In the Thai regions where I work, elephants push down “permanent” barriers, drag logs onto electric fences to cross without getting shocked, change their routes to avoid passing motion sensored alarms, and slowly fill deep trenches with dirt, then work together to cross, leaving no member of the herd behind. While barriers and obstacles may be effective initially, they do not address the reason why the elephants are venturing into human-dominated landscapes in the first place. As the number of HEC hotspots rises in Thailand, sustainable solutions that benefit both humans and elephants are urgently needed.
With our team at Bring The Elephant Home and as part of my master’s research with Miami University, we’re investigating whether planting alternative crops can minimize the economic impact from crop depredation. We’ve called it the Tom Yum project, as many of the ingredients of Thailand’s famous tom yum soup - lemongrass, chili, lime, galangal - happen to be unpalatable to elephants. The community members involved with the Tom Yum project inspire me every day as they brainstorm and develop new crop species to trial, new organic farming techniques to implement, and new products to create. Many might think these farmers would sooner wish the elephants were gone than accept having to change their own practices and behaviour, but this community is driven by a shared vision of coexistence between humans and elephants.

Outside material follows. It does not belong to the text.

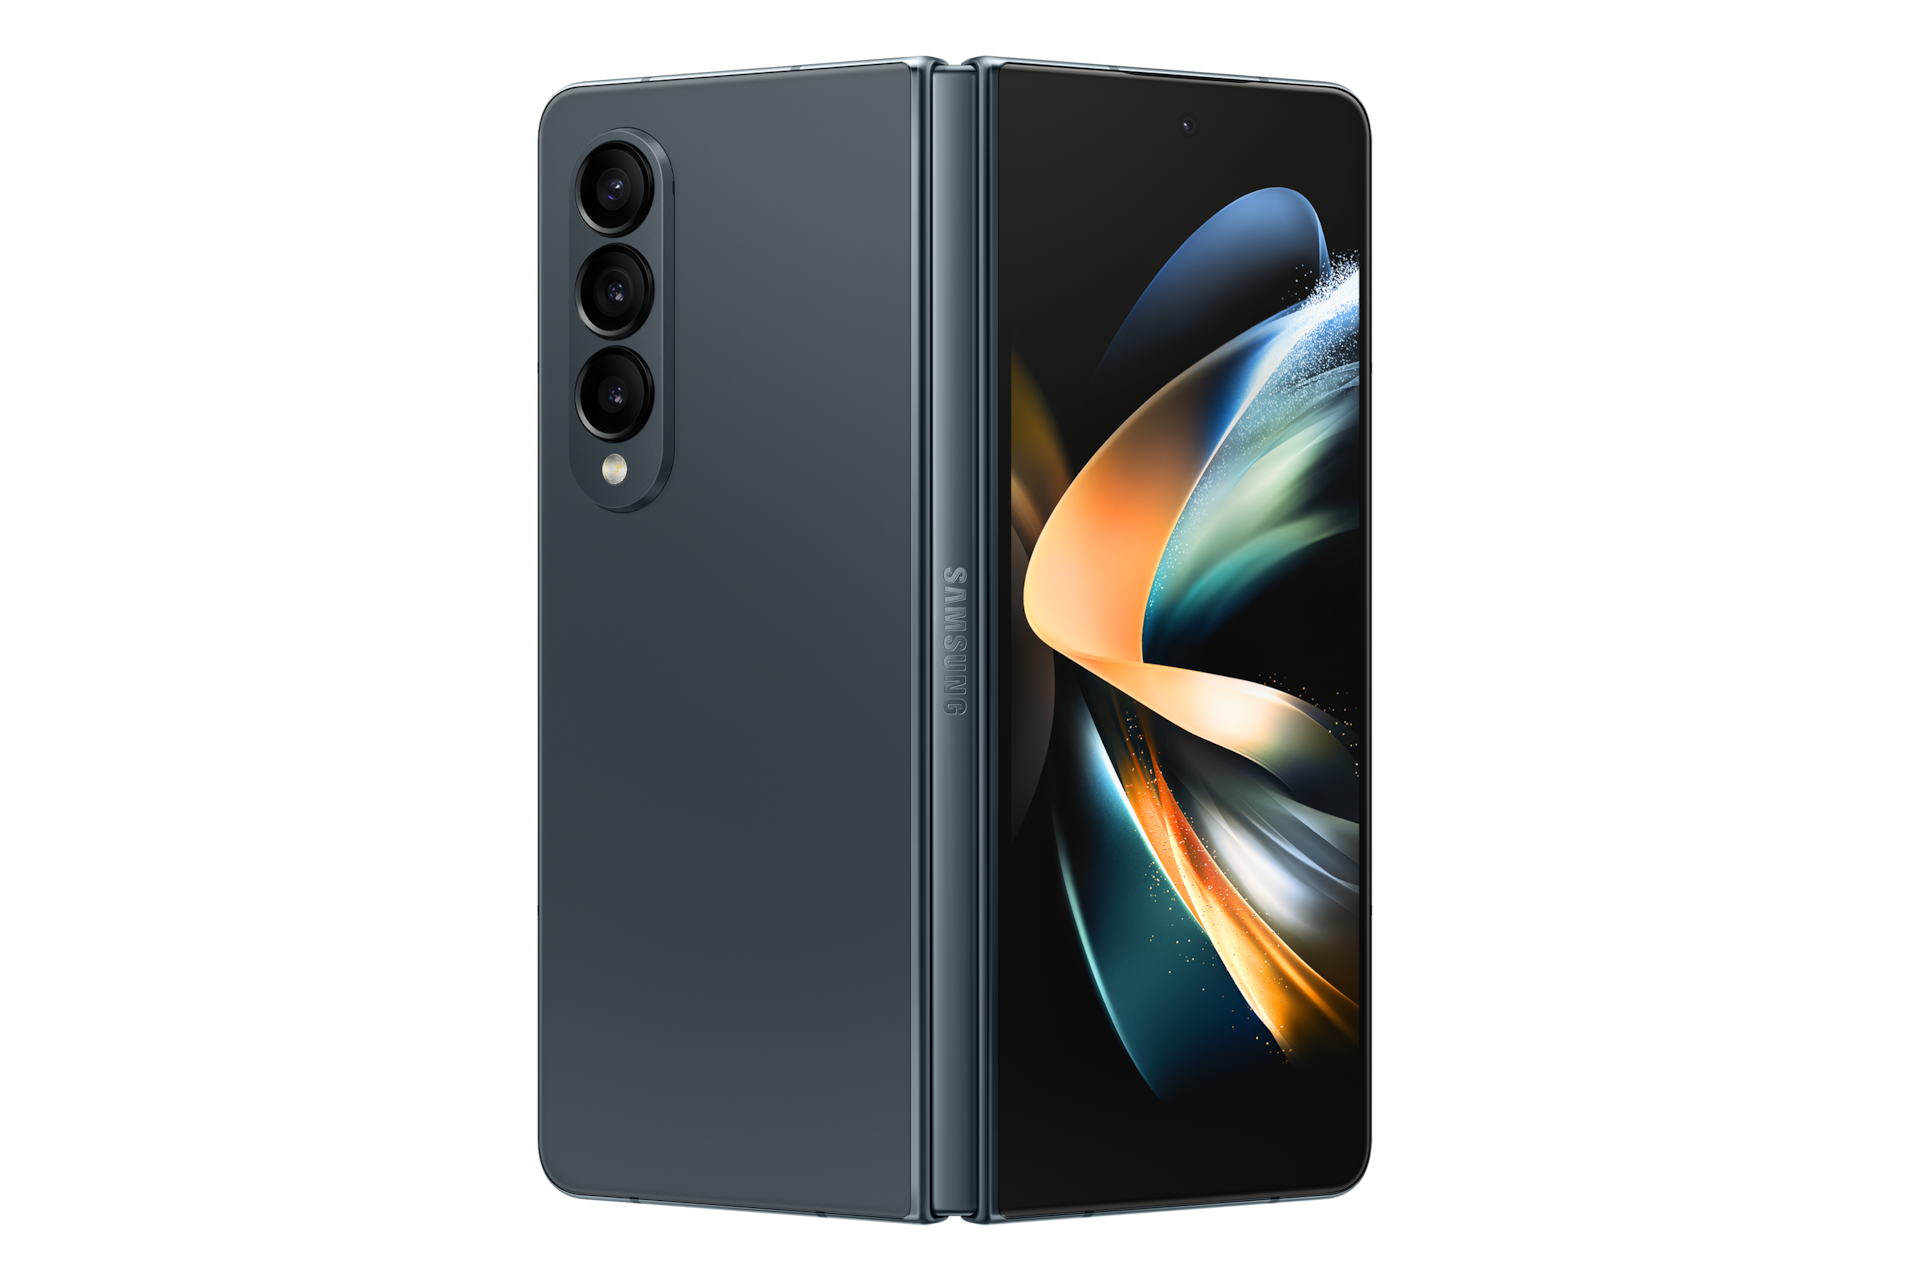 See Galaxy Fold 4 5G 246 GB specs, price, and promotions. Buy it now with discounts at Samsung Official Store in the Philippines. Partially unfolded Galaxy Fold4 in Gray green.
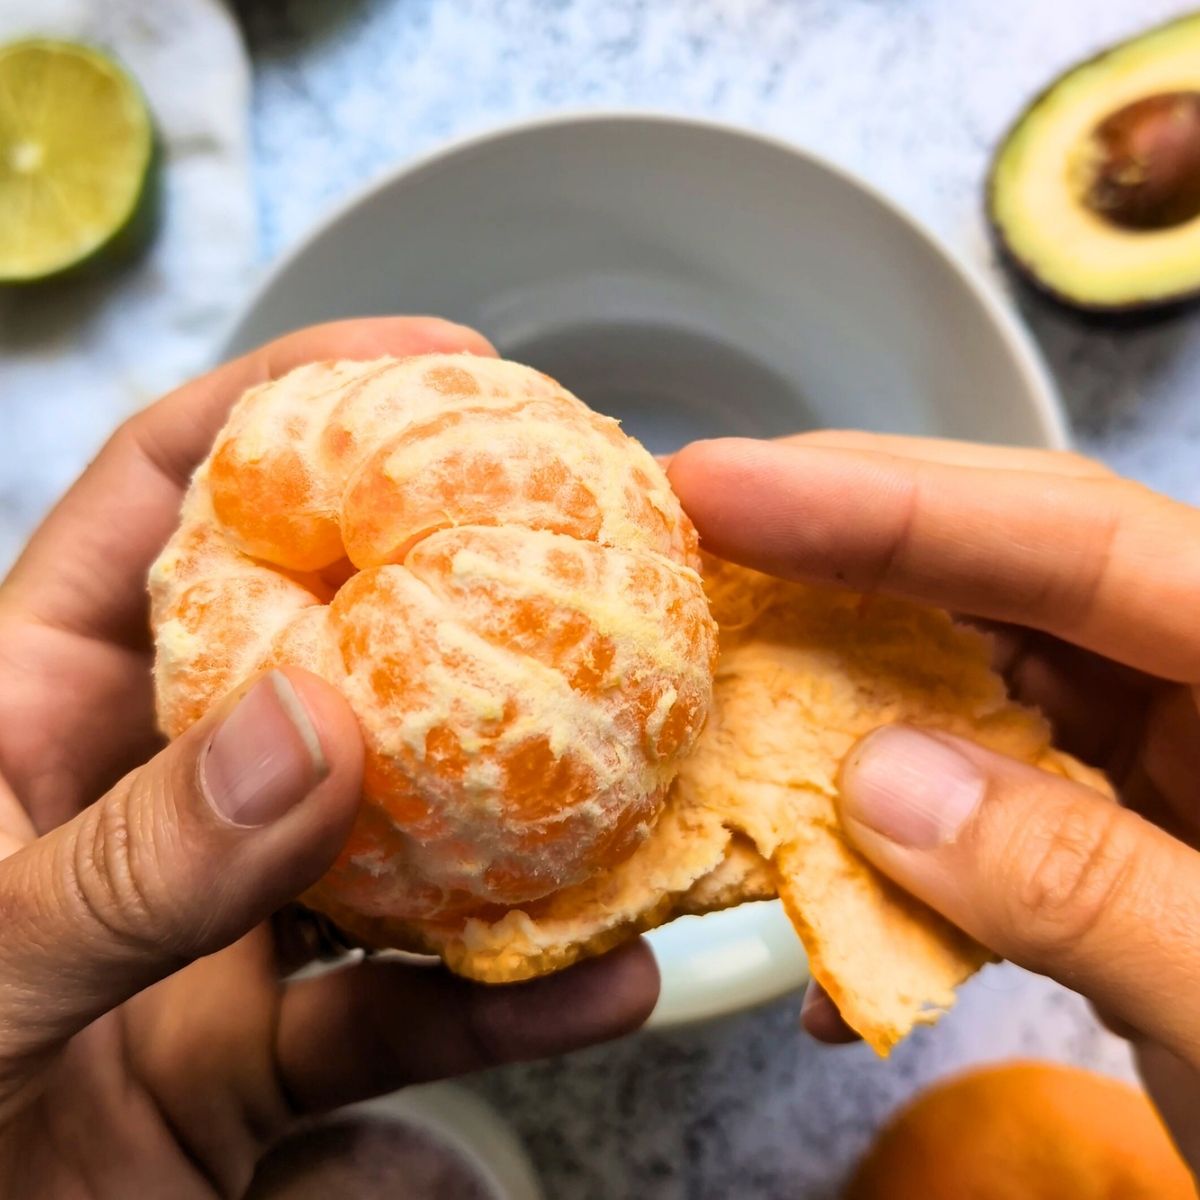 hands peeling an orange and adding the segments to a bowl.

I can’t imagine a world without elephants — an internationally admired symbol of strength, wealth, and wisdom. A life without elephants does not only mean these remarkable creatures would disappear from Asia’s lush forests and Africa’s vast savannas. Elephants are everywhere, from national flags to souvenir stands, corporate logos to cartoon characters, religious scriptures to the heart of every young student and volunteer who has told me that elephants are their favourite animal. Somehow, losing elephants means losing something bigger than the world’s biggest land mammal. I cannot think of anything else to which I would rather dedicate my life, than hearing the nightly symphony, uninterrupted by explosions, feeling peace throughout a former conflict zone, and seeing human-elephant conflict become human-elephant coexistence.